Bill Withers, a onetime Navy aircraft mechanic who after teaching himself to play the guitar wrote some of the most memorable and often-covered songs of the 1970s, including “Lean on Me,” “Ain’t No Sunshine” and “Use Me,” died on Monday in Los Angeles. He was 81.
His death was announced in a statement from his family. His son, Todd, said he had heart problems.
Mr. Withers, who had an evocative, gritty R&B voice that could embody loss or hope, was in his 30s when he released his first album, “Just as I Am,” in 1971. It included “Ain’t No Sunshine,” a mournful lament (“Ain’t no sunshine when she’s gone/And she’s always gone too long/Anytime she goes away”) that cracked the Billboard Top 10. Other hits followed, perhaps none better known than “Lean on Me,” an anthem of friendship and support that hit No. 1 in 1972 and has been repurposed countless times by a wide variety of artists.
There were also “Use Me” (1972), “Lovely Day” (1977) and “Just the Two of Us” (1981), among other hits. But after the 1985 album “Watching You Watching Me,” frustrated with the music business, Mr. Withers stopped recording and performing.
“I wouldn’t know a pop chart from a Pop-Tart,” he told Rolling Stone in 2015, when he was inducted into the Rock & Roll Hall of Fame.

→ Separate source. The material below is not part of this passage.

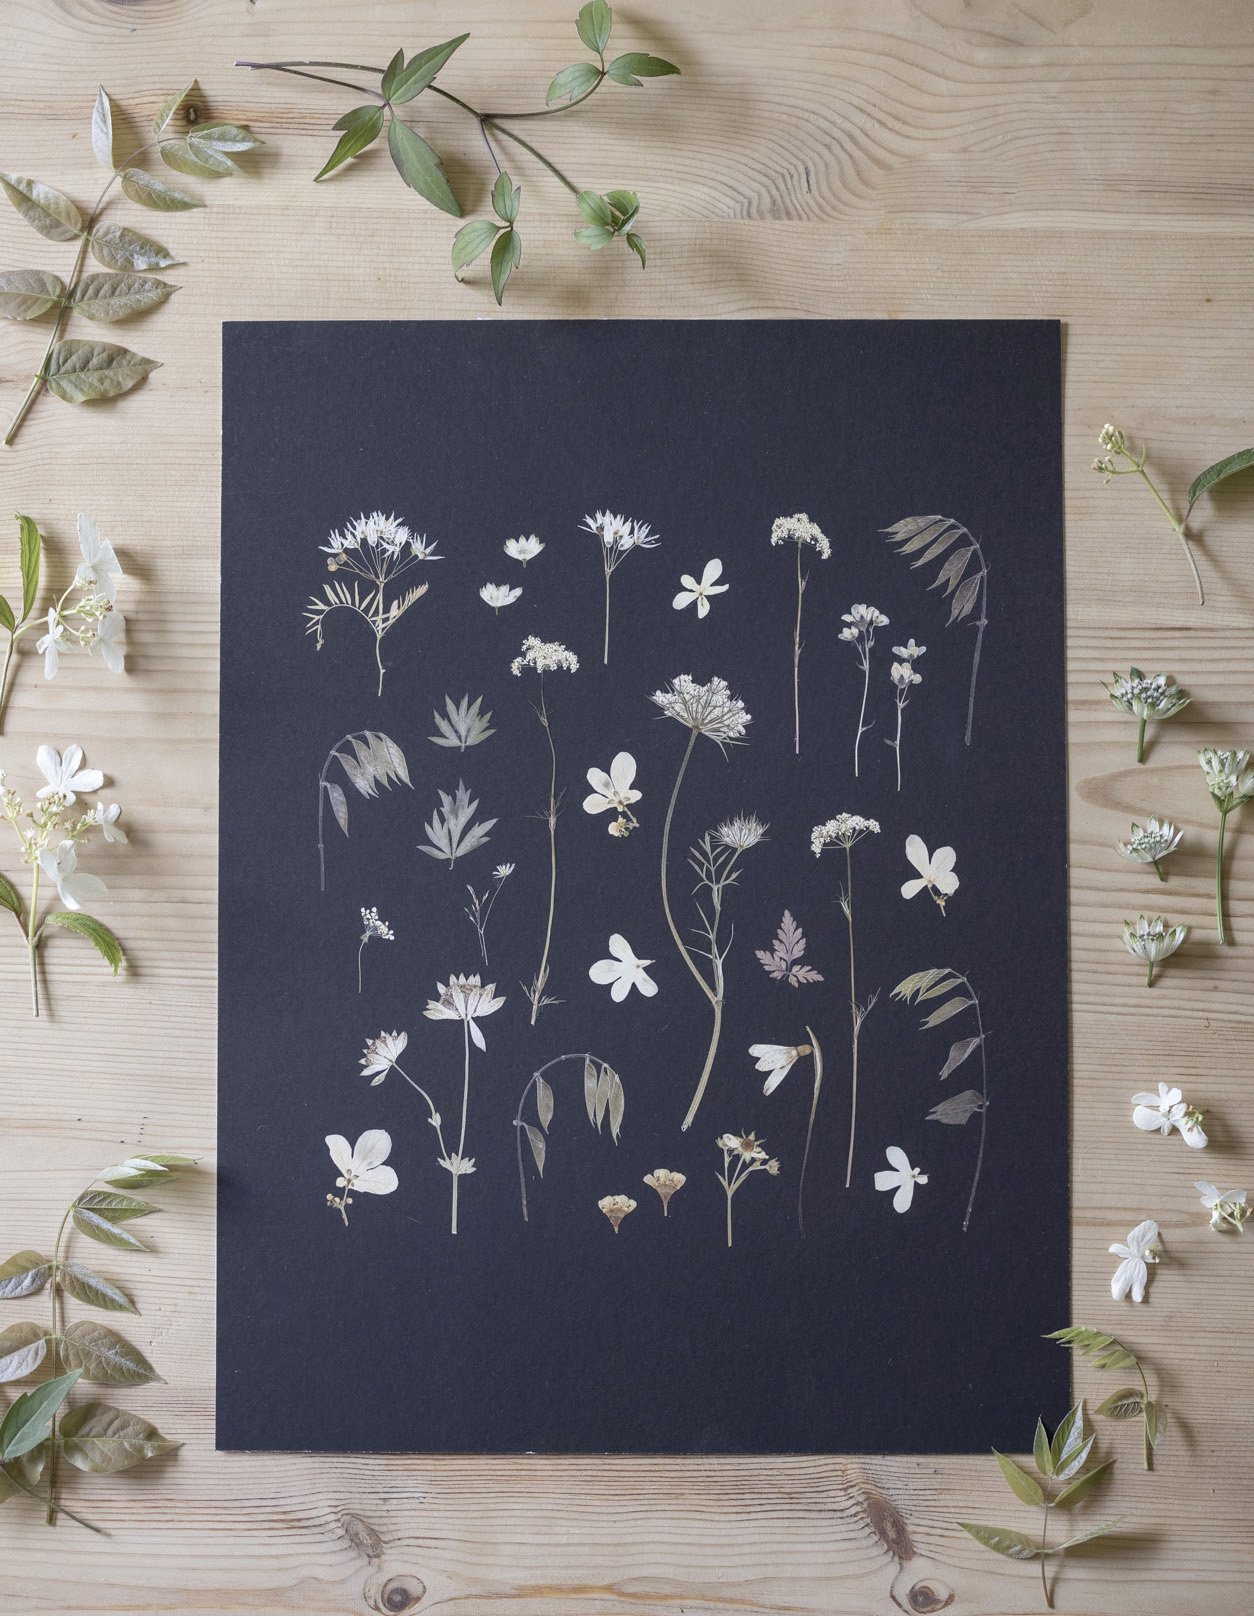 Giclée print featuring astrantia, viburnum and wisteria from my garden

“Bill was a mystical man,” Leo Sacks, who supervised the rerelease of Mr. Withers’s catalog for Sony Legacy Recordings in 2012 (a package that won a Grammy for best historical recording), said by email. “Like a Greek oracle. But he let the songs speak for themselves. He sang so conversationally and universally, like he was sitting next to you. His songs made every word count.”
At 17, eager to avoid a coal-mine career himself, Mr. Withers joined the Navy.
“My first goal was, I didn’t want to be a cook or a steward,” he told Rolling Stone. “So I went to aircraft-mechanic school.”